Task goal
Everything in the data that follows should be given again verbatim, except the images.

Dataset extract
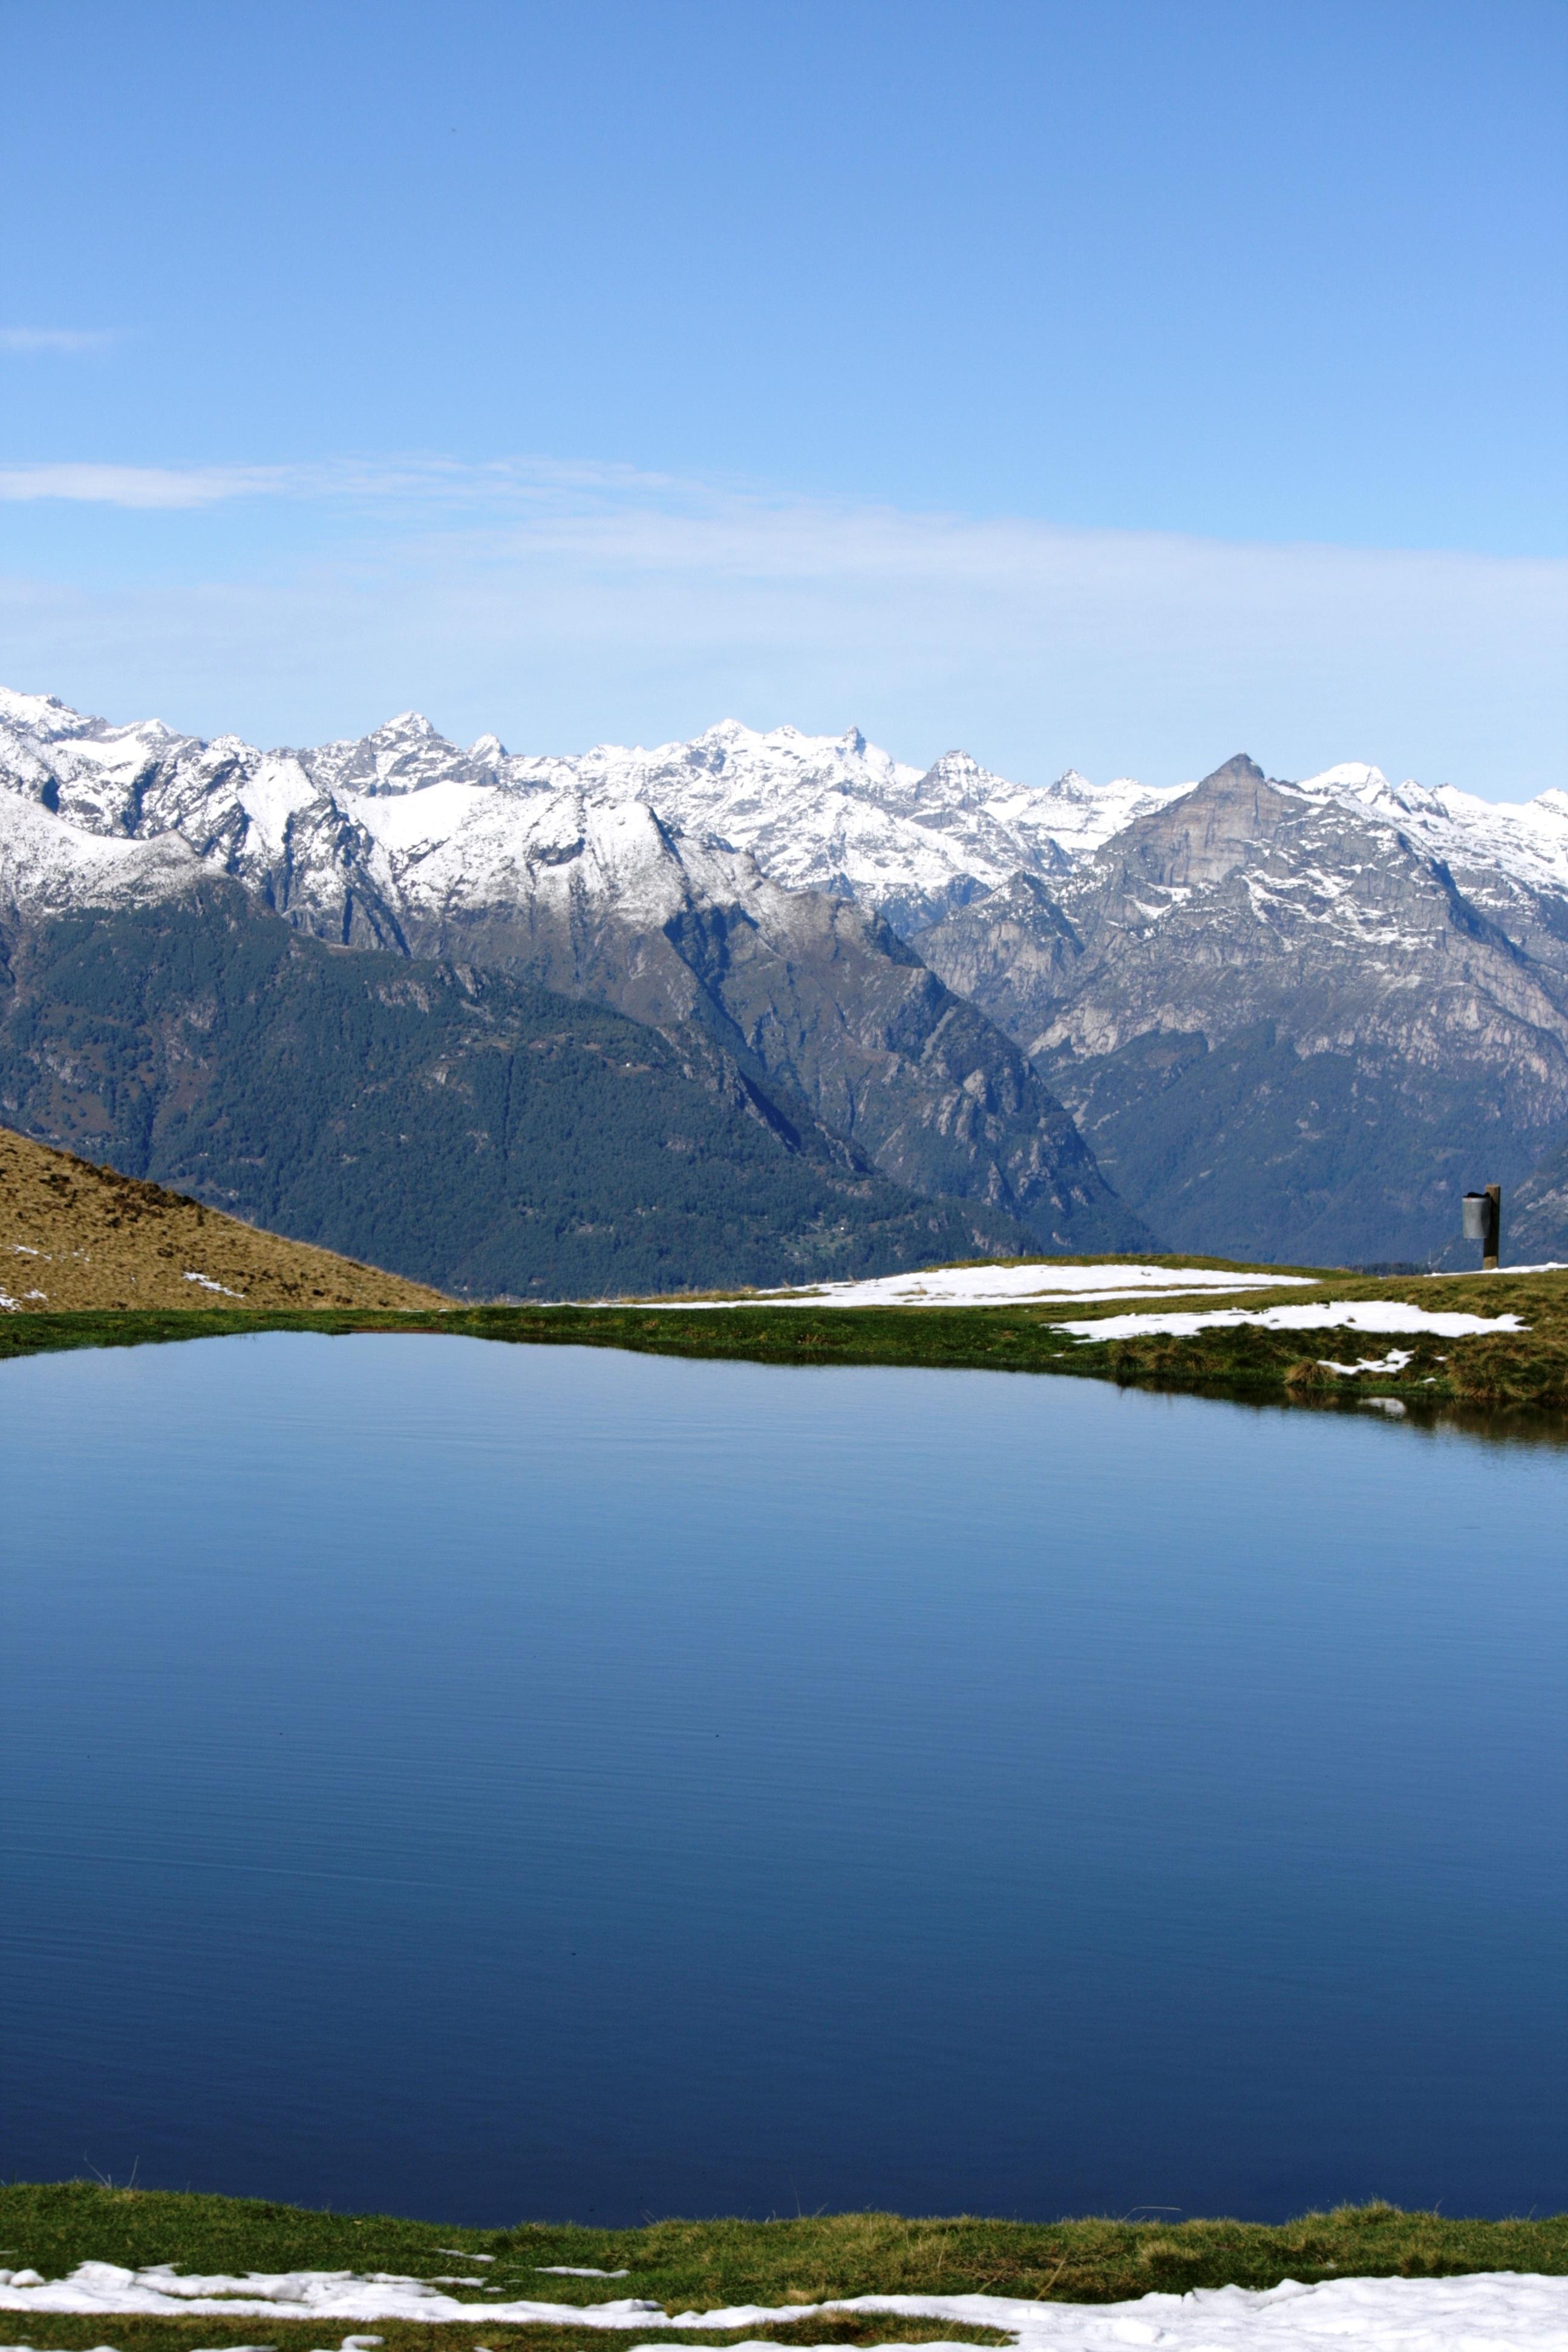 2b15249d7ba landscape nature wilderness mountain snow lake mountain range reflection  fjord reservoir body of water alps plateau
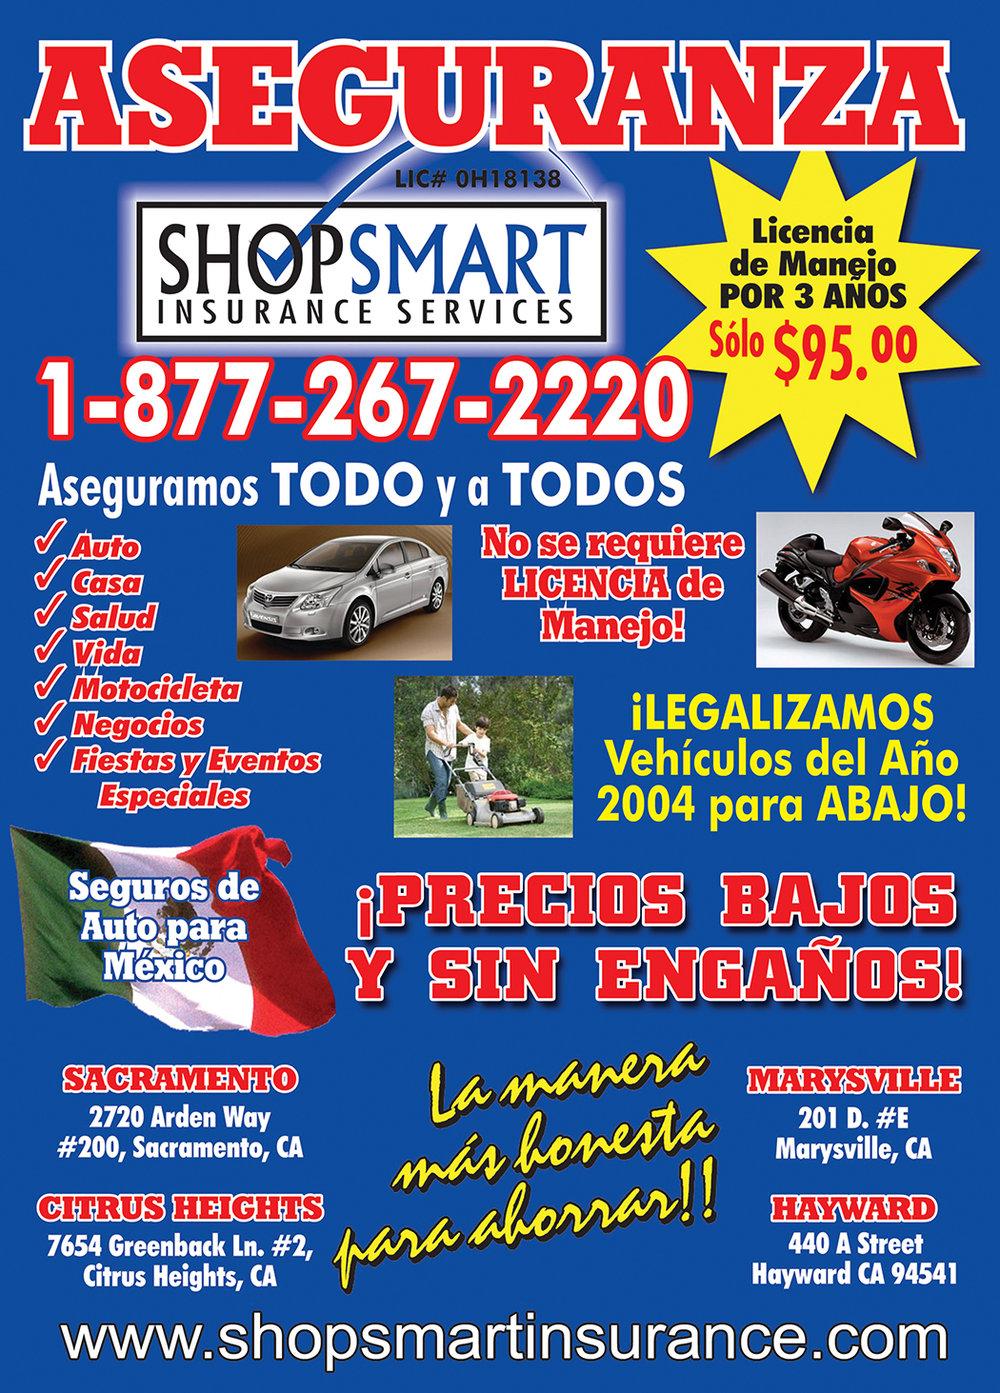 Shopsmart Insurance 1pag junio 2012 copy.jpg
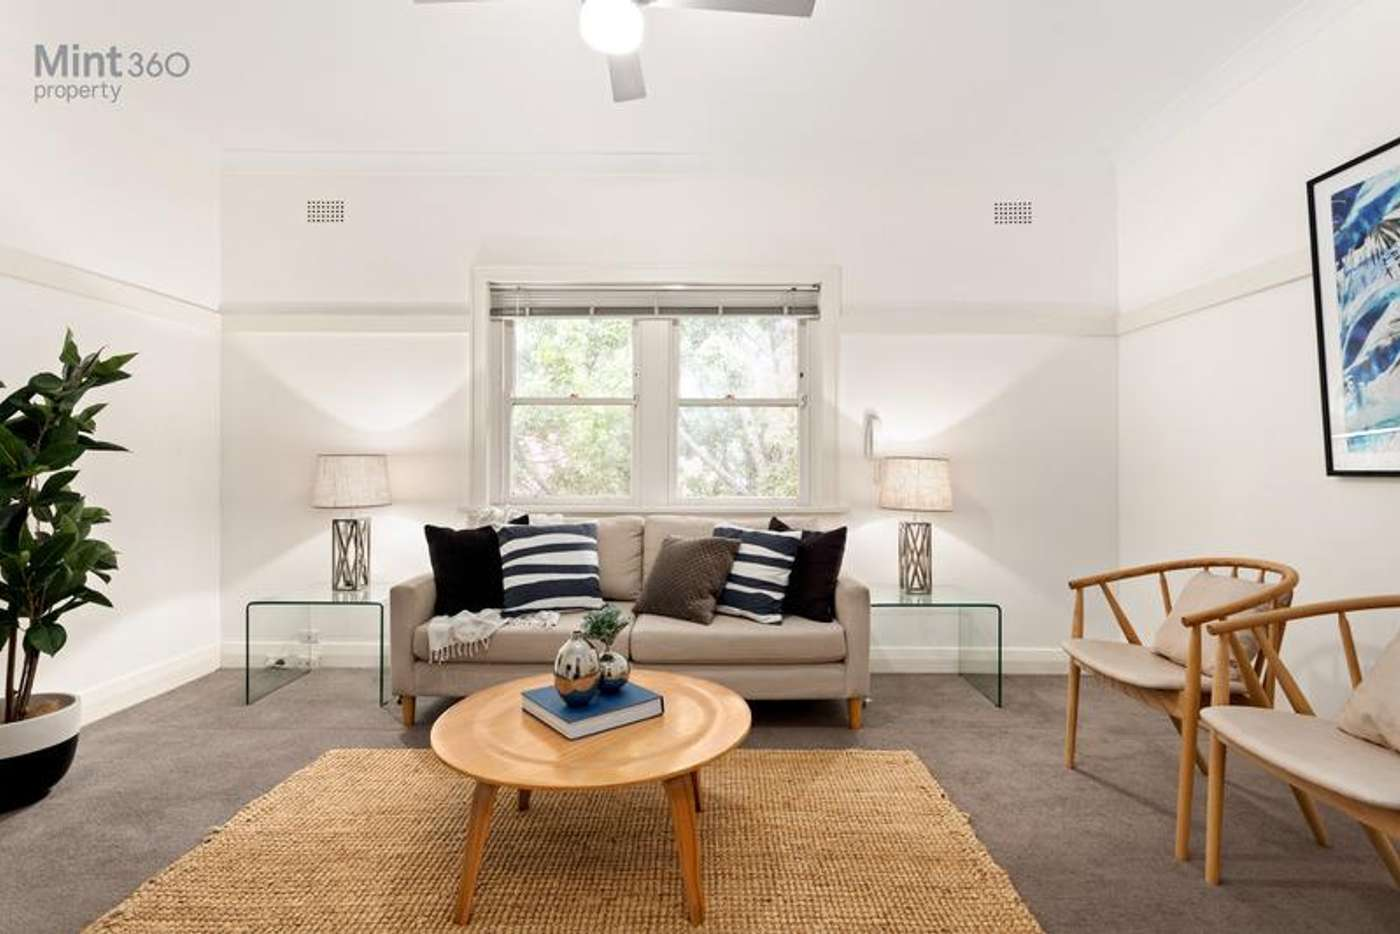 Main view of Homely apartment listing, 12/23 Waratah Avenue, Randwick NSW 2031
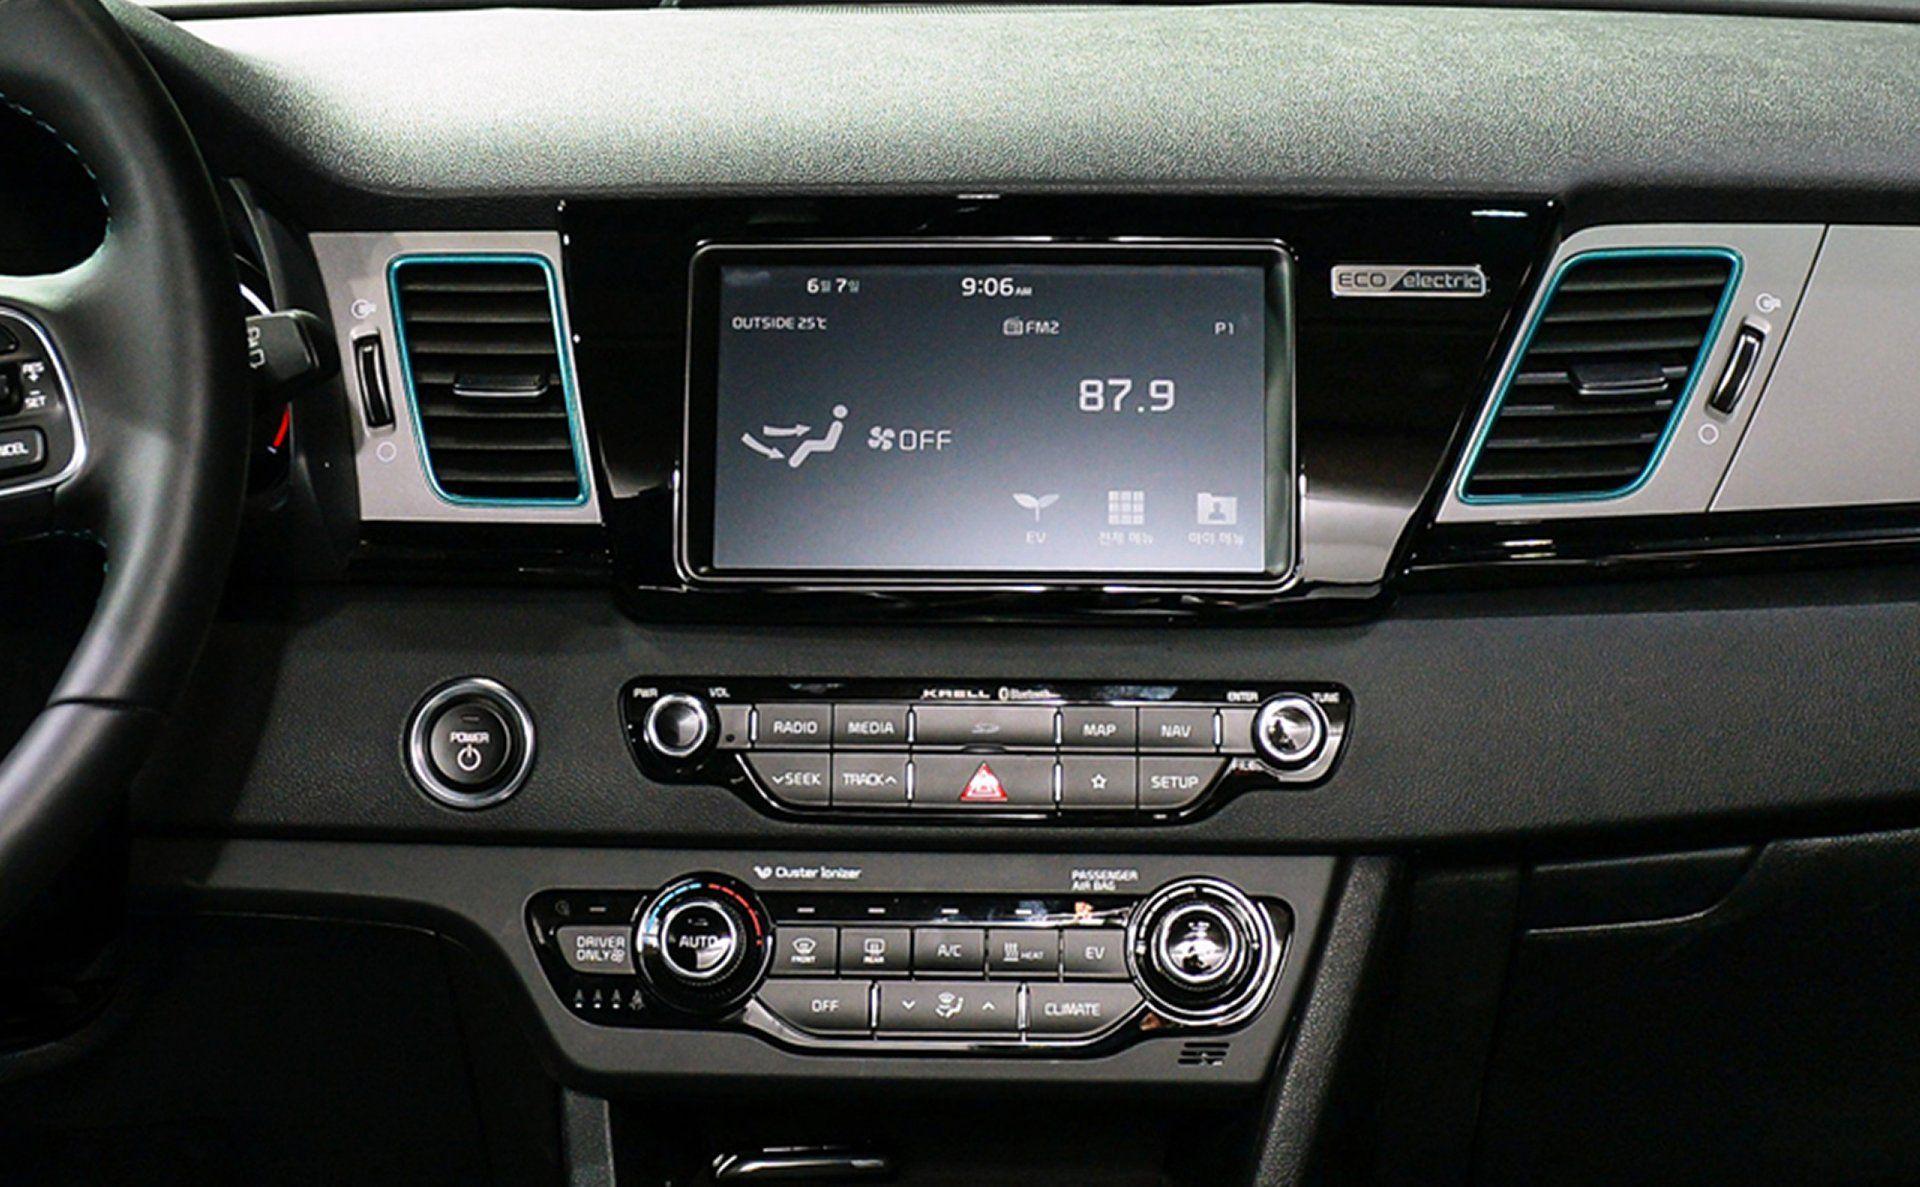 2019 Niro Ev Interior System Kia Driving Test Infotainment System

Answer to this exercise
 2b15249d7ba landscape nature wilderness mountain snow lake mountain range reflection  fjord reservoir body of water alps plateau
 Shopsmart Insurance 1pag junio 2012 copy.jpg
 Main view of Homely apartment listing, 12/23 Waratah Avenue, Randwick NSW 2031
 2019 Niro Ev Interior System Kia Driving Test Infotainment System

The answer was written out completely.